Demikianlah. Jadi, selama bulan Ramadhan bisa dikatakan salat malam Rasulullah ﷺ mayoritas dilakukan di dalam rumah. Hanya tiga hari di awal bulan beliau mengimami salat malam di masjid ditambah tiga hari di malam-malam ganjil (tanggal 23,25, dan 27) pada 10 hari terakhir bulan Ramadhan. Semuanya tidak pernah disebut dengan istilah salat tarawih, baik salat tiga hari di awal Ramadhan, tiga hari di malam-malam ganjil, maupun yang dikerjakan di rumah. Semuanya hanya disebut dengan istilah qiyam, yakni qiyam lail atau qiyam Ramadhan. Jadi kaum muslimin di masa Rasulullah ﷺ masih hidup tidak pernah mengenal istilah salat tarawih.
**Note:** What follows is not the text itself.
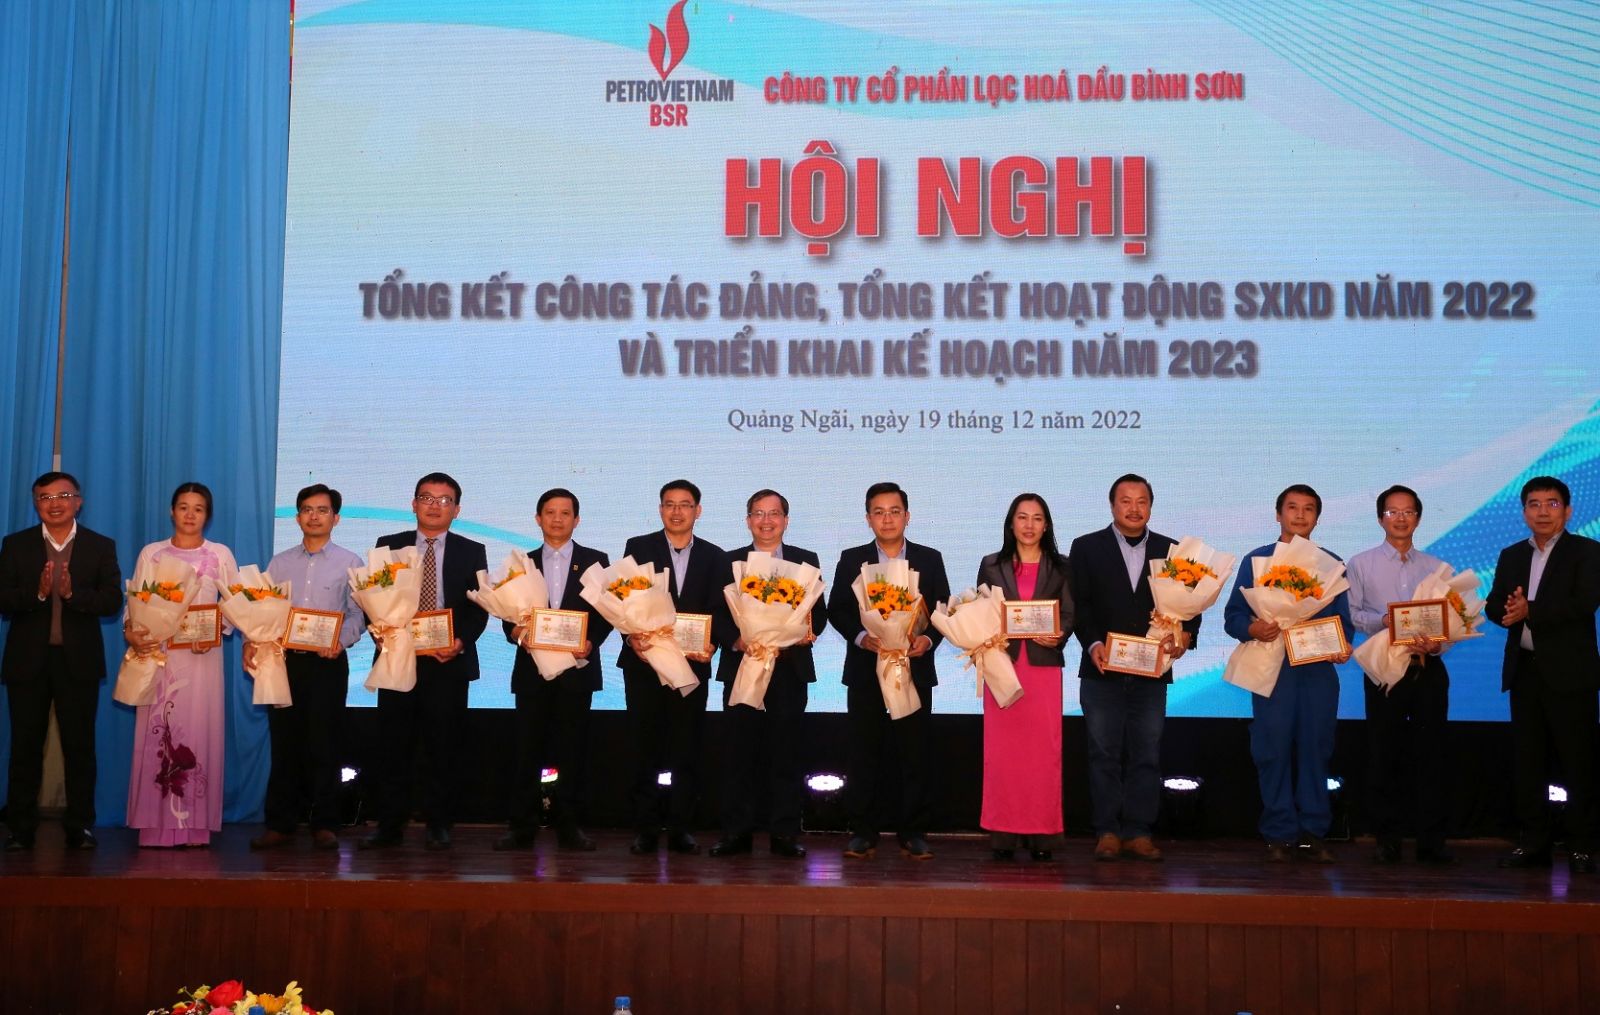 Tổng Giám đốc BSR Bùi Ngọc Dương báo cáo tổng kết tình hình SXKD năm 2022 và đề ra nhiệm vụ, kế hoạch 2023.

Kondisi ini berlangsung terus hingga masa kekhalifahan Abu Bakr Ash-Shiddiq. Di masa itu istilah yang dipakai tidak berubah dari istilah yang dipakai di zaman Nabi ﷺ . Kaum muslimin melakukan salat malam secara bervariasi. Ada yang munfarid dan adapula yang berjamaah.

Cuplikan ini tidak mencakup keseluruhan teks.